Comparative analysis PC with other feature optimization approach

S. No Algorithm Drawback
1 Genetic algorithm Genetic Algorithm has higher-level complexity and it is not worth in our dataset that’s why we have used PC for faster and better execution it possesses built-in feature selection [34]
Genetic Algorithm requires a large dataset but our dataset is small for which we require a versatile and easy to implement PC technique [34]
2 Correlation threshold While selecting the correlation threshold manually is a very risky task, because it may drop the important features and useful information, for this in our dataset we have used the build-in feature selection technique PC. [34]
Redundant features may occur but using a PC can eliminate them. [34]

Table 2.

Comparative analysis SVM with other classification approach

S. No Algorithm Drawback
1 Decision tree classification This classification technique performed poorly on small datasets and in our proposed model we have worked on small datasets on which SVM is better and effective [35]
It is affected by the overfitting of datasets but SVM is free from the overfitting problem [35]
2 Random forest classification The random Forest Classification algorithm is also affected by the overfitting of datasets and SVM is not sensitive to overfitting [35]

Keeping in mind from the above limitations of different algorithms we have proposed the PC-SVM model suitable for a given dataset that has a higher rate of defect prediction.

The manuscript has organised as follows: the second section named “Literature Review” containing all the related work followed by the third section “Modelling” in which we have to describe data collection, model overview and evaluation criteria for the model. The fourth section, “Implementation”, is about the program and coding used to implement the proposed hybrid model. The fifth section “Result and Discussion” is containing the calculation and findings of the model followed by the conclusion as “Conclusion”.

Literature review

To sustain community and business activities from Information systems there must a need of software on a huge level, to develop such software, industries use new technologies, but they get minute considerable growth over a long time. Hence, as the demand is increasing automation process is also coming in trend with novel software development technologies that can overcome the issues of production.

In the current situation, people are using computer software, almost everything in the world like corporate sector, transportation and telecommunication, financial activities, banking system, educational institutes and even the individual activities of social elements through social networking is all depends on software system where the information is sharing [8].

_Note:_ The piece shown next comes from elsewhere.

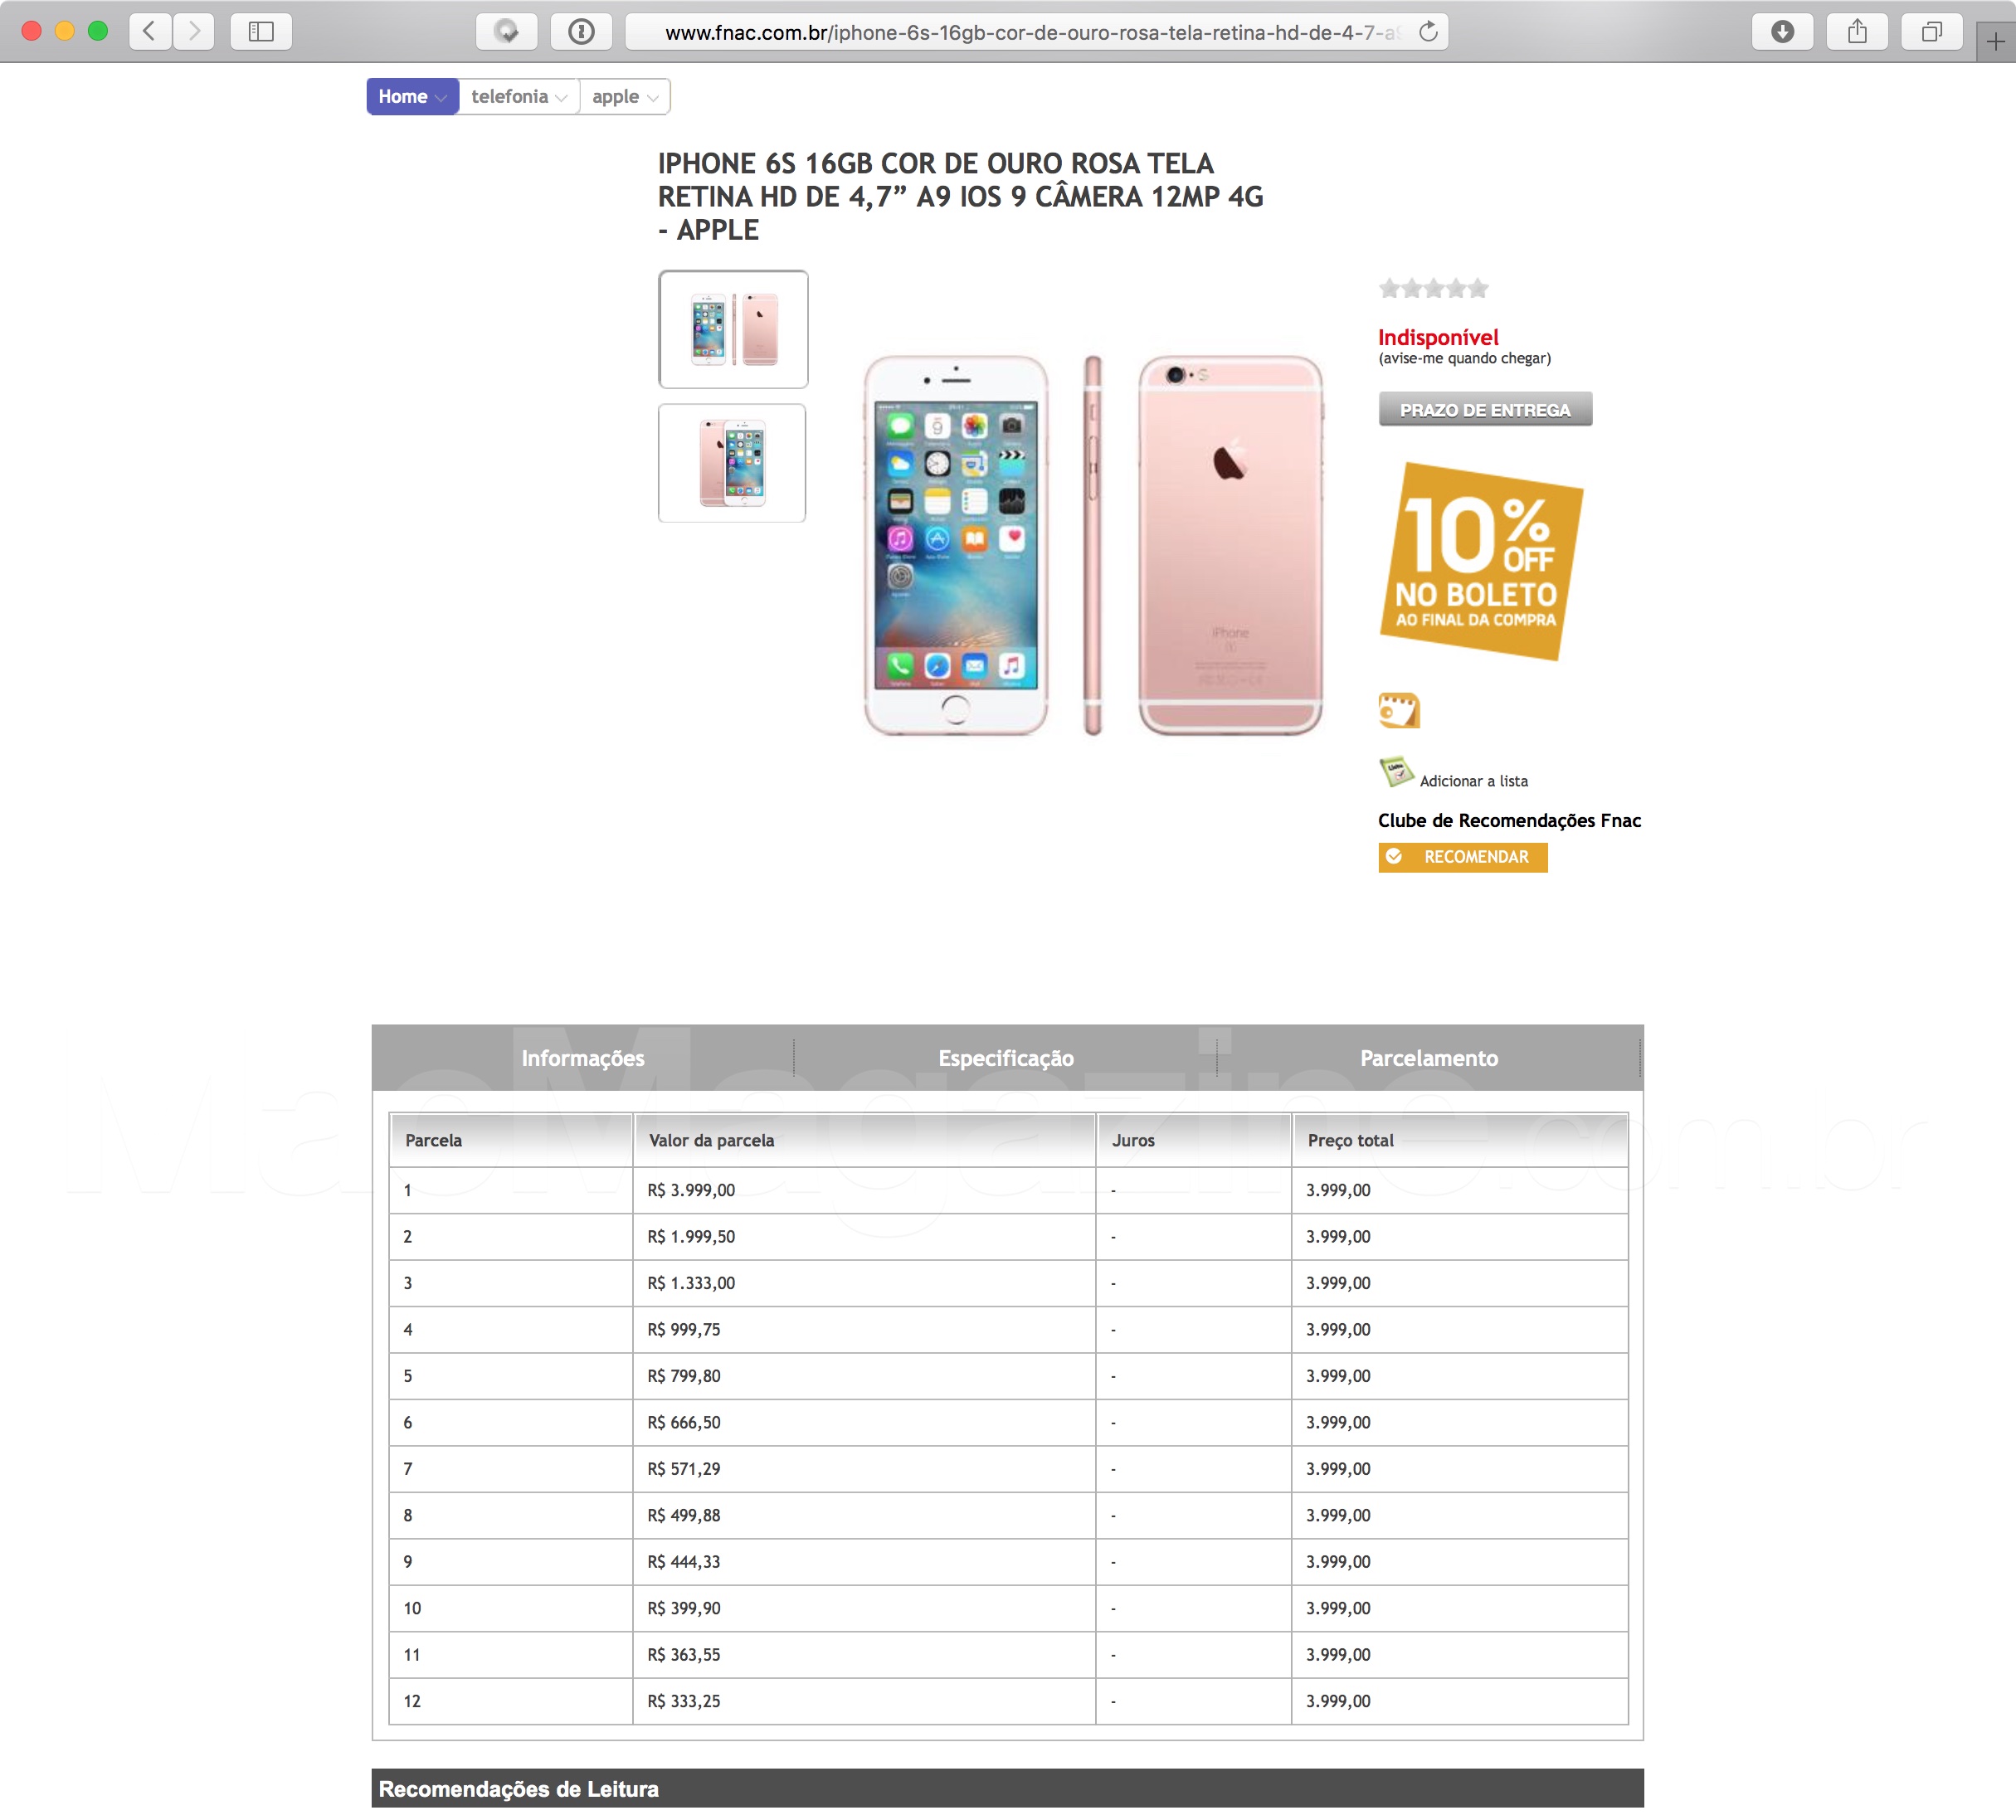 Fnac leaks the prices of iPhones 6s and 6s Plus

In recent years, there was a vivid rise in the demand for the software system. After the 1990s the internet came into use for the general public [9] use of software systems before that were very limited like government offices, Finance Corporation and Telecommunication companies and which type of software system will use was also not know and now, from the last few decades, there is an enormous demand of software system they became an essential thing this transition is due to the development of high-quality software running on technically strong hardware machines. The alteration came with time in software development for smartphones i.e. mobile software [10].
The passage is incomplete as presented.